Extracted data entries
-- -- --

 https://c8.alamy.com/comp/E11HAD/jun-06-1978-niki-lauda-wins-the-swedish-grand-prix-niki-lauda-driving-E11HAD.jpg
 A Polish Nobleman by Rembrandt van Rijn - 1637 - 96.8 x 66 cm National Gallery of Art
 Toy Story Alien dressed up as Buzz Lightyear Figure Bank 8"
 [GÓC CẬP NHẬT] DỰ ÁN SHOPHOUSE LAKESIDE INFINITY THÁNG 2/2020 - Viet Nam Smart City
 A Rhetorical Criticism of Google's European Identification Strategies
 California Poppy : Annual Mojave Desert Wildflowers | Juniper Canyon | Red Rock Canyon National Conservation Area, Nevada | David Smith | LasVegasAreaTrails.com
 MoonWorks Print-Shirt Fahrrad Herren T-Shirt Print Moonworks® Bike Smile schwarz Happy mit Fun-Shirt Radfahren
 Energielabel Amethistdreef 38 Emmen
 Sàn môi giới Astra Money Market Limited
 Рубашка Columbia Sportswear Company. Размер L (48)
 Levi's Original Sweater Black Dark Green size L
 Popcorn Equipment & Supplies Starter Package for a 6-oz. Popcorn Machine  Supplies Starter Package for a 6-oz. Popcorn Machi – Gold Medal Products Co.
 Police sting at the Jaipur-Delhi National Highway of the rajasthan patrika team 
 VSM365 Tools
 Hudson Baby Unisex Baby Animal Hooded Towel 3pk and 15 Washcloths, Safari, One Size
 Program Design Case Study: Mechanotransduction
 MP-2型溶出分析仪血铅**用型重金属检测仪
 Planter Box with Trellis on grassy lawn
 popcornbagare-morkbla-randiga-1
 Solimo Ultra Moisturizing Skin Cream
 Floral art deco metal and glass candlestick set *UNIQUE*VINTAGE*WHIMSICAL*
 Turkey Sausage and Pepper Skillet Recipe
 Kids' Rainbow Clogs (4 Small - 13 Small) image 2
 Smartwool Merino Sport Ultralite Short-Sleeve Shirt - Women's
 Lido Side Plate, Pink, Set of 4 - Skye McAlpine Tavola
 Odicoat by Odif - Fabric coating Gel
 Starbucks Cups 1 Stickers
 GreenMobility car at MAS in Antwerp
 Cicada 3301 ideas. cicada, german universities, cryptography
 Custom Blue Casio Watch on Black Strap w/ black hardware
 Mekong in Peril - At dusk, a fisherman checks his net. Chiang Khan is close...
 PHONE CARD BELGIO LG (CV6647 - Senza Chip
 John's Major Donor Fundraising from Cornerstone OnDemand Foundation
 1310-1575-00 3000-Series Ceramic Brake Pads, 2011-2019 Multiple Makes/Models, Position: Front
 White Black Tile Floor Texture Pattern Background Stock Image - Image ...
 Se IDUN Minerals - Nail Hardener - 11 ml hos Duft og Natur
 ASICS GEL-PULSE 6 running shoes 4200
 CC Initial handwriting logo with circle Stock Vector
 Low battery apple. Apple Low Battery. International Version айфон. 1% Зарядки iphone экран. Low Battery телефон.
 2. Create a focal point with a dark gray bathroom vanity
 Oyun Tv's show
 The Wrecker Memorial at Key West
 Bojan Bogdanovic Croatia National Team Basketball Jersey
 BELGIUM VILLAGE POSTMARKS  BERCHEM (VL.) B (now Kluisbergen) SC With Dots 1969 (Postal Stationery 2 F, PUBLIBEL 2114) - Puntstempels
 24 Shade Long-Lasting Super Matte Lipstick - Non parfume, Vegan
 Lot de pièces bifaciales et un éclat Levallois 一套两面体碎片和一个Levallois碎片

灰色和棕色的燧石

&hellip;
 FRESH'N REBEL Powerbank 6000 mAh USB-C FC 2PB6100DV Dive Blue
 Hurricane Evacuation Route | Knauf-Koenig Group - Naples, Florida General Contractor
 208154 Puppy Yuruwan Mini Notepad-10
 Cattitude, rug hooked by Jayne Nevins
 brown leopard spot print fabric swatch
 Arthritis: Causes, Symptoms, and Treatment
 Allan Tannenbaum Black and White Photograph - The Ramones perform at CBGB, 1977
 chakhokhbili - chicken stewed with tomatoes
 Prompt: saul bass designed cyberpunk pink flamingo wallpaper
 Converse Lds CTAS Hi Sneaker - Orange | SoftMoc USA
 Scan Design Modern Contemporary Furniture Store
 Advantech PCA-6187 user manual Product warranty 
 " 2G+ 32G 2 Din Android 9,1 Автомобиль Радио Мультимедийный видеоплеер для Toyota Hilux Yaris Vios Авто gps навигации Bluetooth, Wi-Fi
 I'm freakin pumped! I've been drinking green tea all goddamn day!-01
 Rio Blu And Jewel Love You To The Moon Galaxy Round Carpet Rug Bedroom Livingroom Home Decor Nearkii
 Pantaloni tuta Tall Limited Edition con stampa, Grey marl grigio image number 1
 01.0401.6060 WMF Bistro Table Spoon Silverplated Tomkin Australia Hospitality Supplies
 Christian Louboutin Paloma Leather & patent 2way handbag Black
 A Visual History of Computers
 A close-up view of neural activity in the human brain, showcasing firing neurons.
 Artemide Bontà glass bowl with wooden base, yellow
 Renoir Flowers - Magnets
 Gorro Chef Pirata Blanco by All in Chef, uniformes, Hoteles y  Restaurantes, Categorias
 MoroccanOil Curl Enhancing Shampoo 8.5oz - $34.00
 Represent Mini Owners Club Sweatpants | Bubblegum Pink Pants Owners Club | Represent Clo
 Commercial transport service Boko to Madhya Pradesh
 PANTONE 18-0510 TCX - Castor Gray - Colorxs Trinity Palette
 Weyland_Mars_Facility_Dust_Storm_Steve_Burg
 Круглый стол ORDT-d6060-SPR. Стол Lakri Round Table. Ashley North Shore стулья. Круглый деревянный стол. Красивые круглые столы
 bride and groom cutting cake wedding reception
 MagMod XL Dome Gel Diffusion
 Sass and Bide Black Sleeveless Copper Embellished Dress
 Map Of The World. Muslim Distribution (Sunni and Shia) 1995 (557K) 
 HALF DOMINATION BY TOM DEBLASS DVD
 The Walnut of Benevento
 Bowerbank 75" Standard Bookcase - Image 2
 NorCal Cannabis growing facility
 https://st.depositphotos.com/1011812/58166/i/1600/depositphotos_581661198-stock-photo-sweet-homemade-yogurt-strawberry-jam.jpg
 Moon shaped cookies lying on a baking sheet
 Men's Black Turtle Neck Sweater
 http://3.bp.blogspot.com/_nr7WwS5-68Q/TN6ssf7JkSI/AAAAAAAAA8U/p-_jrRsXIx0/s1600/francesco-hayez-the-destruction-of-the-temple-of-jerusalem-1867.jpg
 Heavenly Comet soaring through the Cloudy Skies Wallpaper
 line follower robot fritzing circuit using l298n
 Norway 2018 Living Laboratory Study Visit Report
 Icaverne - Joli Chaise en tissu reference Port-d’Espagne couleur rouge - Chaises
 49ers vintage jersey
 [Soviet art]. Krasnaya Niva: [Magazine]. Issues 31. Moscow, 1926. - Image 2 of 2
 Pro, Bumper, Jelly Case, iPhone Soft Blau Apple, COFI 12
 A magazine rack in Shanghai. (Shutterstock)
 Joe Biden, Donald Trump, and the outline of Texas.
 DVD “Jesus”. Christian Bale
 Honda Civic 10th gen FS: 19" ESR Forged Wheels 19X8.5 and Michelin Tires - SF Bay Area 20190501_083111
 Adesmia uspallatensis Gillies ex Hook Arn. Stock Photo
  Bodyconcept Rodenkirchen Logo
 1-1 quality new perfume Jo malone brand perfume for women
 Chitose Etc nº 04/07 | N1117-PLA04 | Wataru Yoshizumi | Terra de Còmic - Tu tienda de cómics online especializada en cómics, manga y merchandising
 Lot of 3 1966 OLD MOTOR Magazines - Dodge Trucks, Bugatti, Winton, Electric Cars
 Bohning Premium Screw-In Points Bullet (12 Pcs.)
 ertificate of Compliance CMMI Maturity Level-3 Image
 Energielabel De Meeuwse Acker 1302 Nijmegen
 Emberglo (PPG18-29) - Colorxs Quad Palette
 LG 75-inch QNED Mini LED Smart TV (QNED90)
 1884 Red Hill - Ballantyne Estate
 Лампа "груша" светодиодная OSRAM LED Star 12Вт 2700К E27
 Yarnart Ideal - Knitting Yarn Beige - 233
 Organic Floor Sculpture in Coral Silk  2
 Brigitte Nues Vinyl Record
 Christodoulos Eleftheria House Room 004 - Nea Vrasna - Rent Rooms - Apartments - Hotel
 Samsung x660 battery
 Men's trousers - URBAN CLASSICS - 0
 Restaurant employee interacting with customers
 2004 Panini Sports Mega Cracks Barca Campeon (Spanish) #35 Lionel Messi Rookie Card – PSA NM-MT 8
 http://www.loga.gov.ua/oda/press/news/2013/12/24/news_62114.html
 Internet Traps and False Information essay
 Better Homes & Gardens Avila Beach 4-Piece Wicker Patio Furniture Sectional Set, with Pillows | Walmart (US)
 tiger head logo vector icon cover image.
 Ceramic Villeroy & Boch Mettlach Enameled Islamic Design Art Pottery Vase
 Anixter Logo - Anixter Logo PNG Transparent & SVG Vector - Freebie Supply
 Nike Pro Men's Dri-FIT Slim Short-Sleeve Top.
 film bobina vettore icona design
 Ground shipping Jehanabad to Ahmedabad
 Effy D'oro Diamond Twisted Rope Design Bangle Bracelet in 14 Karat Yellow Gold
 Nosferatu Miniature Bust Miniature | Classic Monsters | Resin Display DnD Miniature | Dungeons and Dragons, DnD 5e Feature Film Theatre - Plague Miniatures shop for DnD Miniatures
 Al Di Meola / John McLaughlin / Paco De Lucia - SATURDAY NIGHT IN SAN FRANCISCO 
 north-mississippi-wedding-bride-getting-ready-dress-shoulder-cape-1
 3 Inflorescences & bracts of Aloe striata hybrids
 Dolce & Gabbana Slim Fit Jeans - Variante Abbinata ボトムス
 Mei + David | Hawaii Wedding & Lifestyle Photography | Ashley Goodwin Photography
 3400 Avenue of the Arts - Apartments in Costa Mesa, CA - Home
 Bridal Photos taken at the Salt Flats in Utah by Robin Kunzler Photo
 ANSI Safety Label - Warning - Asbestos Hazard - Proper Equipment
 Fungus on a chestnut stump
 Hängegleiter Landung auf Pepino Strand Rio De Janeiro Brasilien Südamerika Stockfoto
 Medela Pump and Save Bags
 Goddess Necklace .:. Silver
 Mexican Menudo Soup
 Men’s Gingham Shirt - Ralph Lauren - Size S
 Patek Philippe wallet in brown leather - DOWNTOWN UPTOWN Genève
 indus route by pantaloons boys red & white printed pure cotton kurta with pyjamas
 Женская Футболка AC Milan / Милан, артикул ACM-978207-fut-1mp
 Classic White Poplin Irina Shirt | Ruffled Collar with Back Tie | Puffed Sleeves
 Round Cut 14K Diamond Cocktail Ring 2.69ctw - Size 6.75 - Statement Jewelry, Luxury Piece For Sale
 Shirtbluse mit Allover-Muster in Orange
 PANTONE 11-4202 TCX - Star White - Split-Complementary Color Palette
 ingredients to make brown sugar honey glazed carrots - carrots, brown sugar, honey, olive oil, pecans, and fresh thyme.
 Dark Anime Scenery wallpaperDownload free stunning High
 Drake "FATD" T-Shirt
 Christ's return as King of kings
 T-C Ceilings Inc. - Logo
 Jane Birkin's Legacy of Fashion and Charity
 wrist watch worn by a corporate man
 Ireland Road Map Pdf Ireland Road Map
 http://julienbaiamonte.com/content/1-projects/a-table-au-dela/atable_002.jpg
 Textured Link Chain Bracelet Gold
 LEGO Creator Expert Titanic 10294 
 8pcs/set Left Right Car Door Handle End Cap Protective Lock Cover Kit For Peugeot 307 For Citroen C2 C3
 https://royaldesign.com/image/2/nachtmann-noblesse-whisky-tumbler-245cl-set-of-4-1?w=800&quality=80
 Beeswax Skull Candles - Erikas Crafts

-- -- --

**PROBLEM DESCRIPTION**
Using the records above, copy every line that has the word "Piece" in it.

**EXERCISE ANSWER**
 Better Homes & Gardens Avila Beach 4-Piece Wicker Patio Furniture Sectional Set, with Pillows | Walmart (US)
 Round Cut 14K Diamond Cocktail Ring 2.69ctw - Size 6.75 - Statement Jewelry, Luxury Piece For Sale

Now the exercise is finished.